C. rossensis has been associated with coastal Antarctic sea-ice diatom assemblages and can synthesize polyunsaturated fatty acid docosahexaenoic acid (
72), while
C. maris can produce the trans-unsaturated fatty acid, 9-trans-hexadecenoic acid (
73). We speculate that the ability of the aforementioned
Colwellia sp. to produce unsaturated fatty acids could render them more tolerant to increasing pressure.

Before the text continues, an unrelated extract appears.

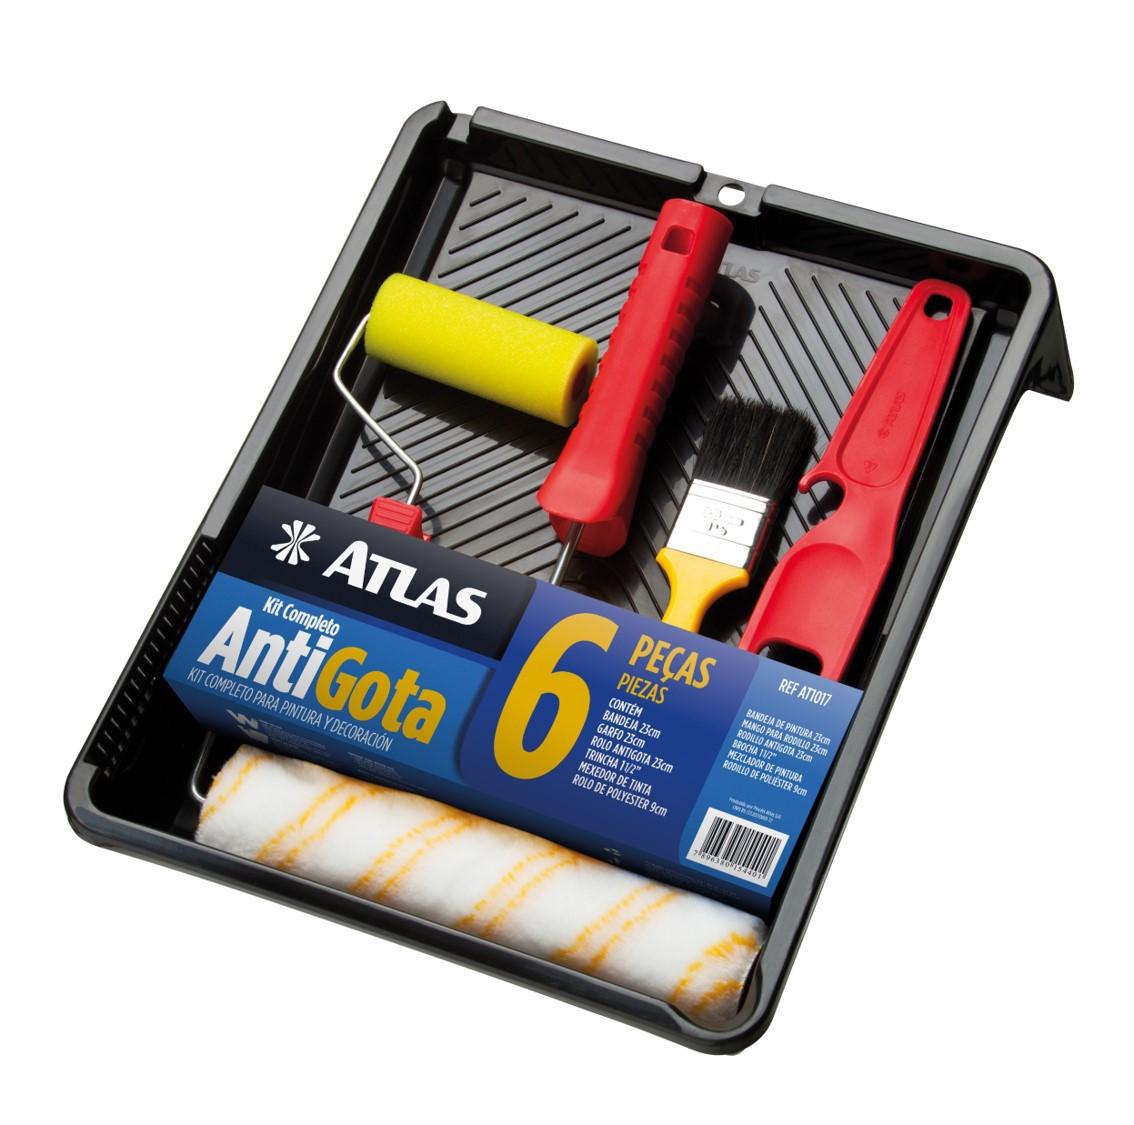 Kit Antigota Completo Atlas 6 Peças AT1017.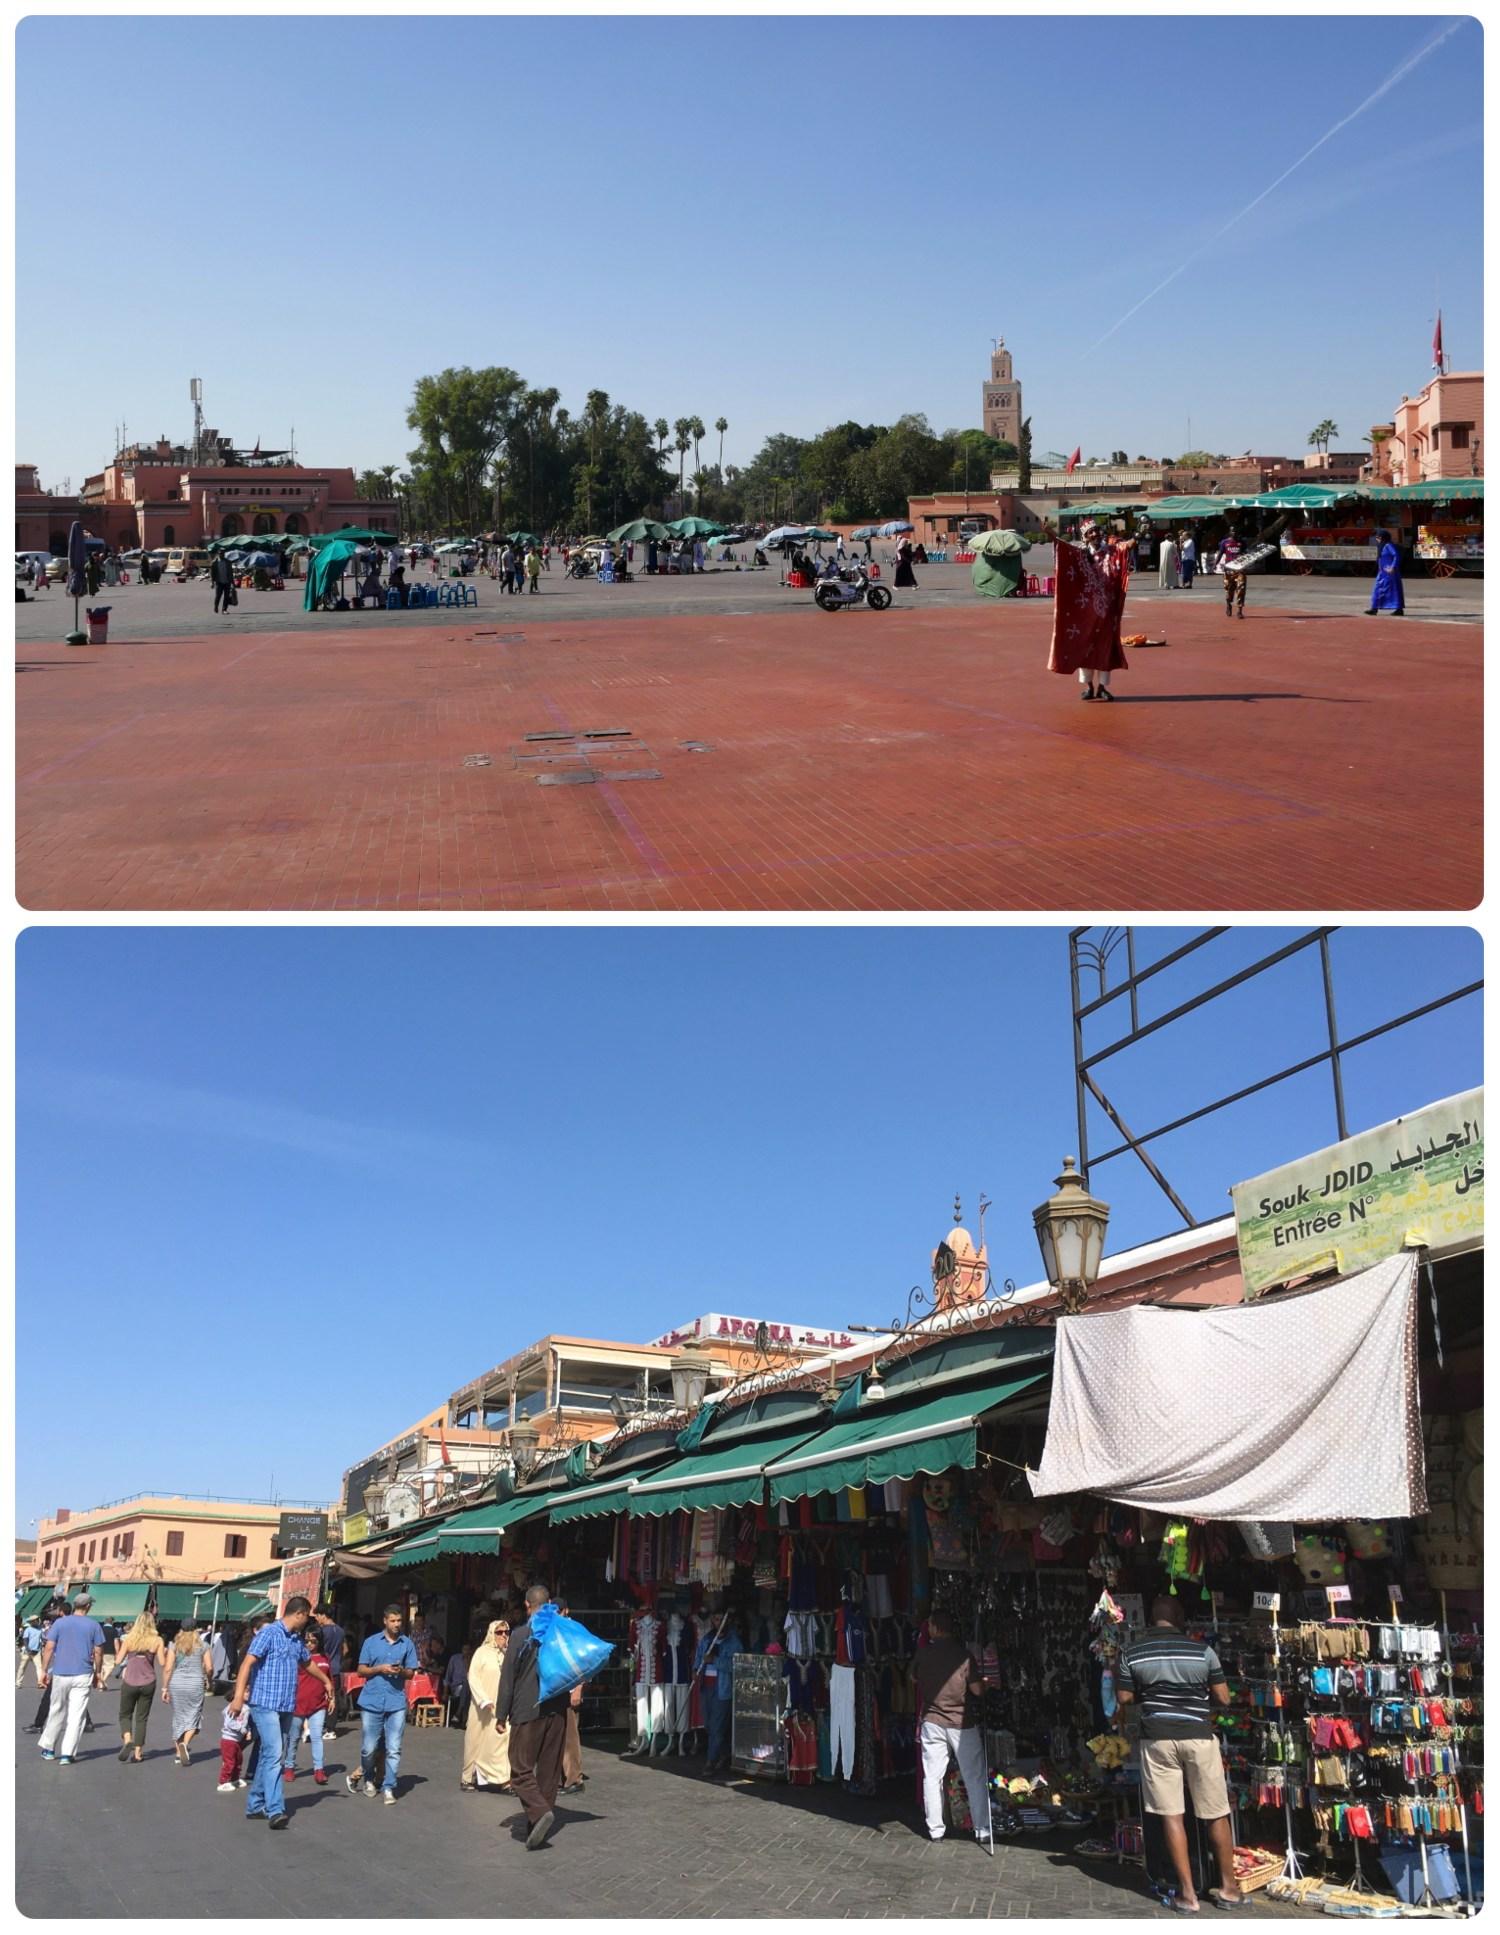 Jemaa el Fna Square in the Medina (Old Town), Marrakech, Morocco.

Piezophilic isolates do not form a monophyletic group, they are spread among the tree of life and are found in psychro-, meso-, and thermophiles, indicating that the required adaptations of life at high pressure are relatively moderate (
74). Several of the enriched ASVs at 30 MPa, such as
C. maris (ASV119),
C. rossensis (ASV3) and
S. arctica IR12 (ASV736), were close relatives to psychropiezophilic strains (
Fig. 7). Campanaro et al. (
75) suggested that the genetic elements conferring pressure adaptation in the deep sea could be laterally transferred. Comparative genomics of pressure-sensitive and piezophilic strains of
Colwellia sp. found that several piezophile-specific genes were near genomic islands highlighting that adaptation to high pressure may be facilitated by horizontal gene transfer (
54). Previously, Marietou and Bartlett (
62) have demonstrated that it is possible to isolate culturable high-pressure-surviving bacteria from shallow-water bacterioplankton (South California, USA) that are phylogenetically similar to isolates from deep-sea environments. Moreover, Grossart and Gust (
76) observed a pressure-induced shift toward a gammaproteobacterial-dominated community, when they tested the effects of increasing pressure to a simulated sinking (1,000 m/d) shallow water microcosm from surface waters to a 4,000 m depth. Tamburini et al. (
77) also reported an increase in the relative abundance of gammaproteobacteria in the microbial community associated with sinking (200 m/d) fecal pellets to 1,500 m depth (15 MPa).
Conclusion
The present study examines the effect of hydrostatic pressure (0.1–30 MPa) on a hydrocarbon-degrading biofilm originally adapted to about 6 MPa. Cell-specific CO2 production rates provided a clear synthesis of the observed microbial activity: an initial biofilm-dominated bloom (91–93%) of oil degraders with high microbial activities of 0.82–0.90 fmol CO2⋅bacterial gene−1⋅day−1 at 0.1–8 MPa, but undetectable activity at 30 MPa after 6 days. At 30 MPa, the microbial activity increased between days 6 and 34 with an average rate of 0.36 ± 0.08 fmol CO2⋅bacterial gene−1⋅day−1. Bacterial gene sequencing revealed no differences in the microbial community composition at 0–12 MPa. While the typical Arctic alkane degraders Oleispira sp. and Shewanella sp. were abundant across the different pressures and over time, Colwellia sp., Neptunomonas sp., and Kiloniella sp. were significantly enriched at 30 MPa. Our results suggest that the physiological adaptations of psychrophilic bacteria to thrive at sub-zero temperature make Arctic oil degraders tolerant to mild hydrostatic pressure up to 12 MPa as compared to temperate climate communities showing pressure-induced inhibition at 10–15 MPa in comparable studies. Therefore, the activity of hydrocarbon degraders in sinking marine oil snow in the Arctic may maintain activity down to depths of about 1,200 m, after which pressure can substantially affect hydrocarbon degradation at increasing depth down to 3,000 m.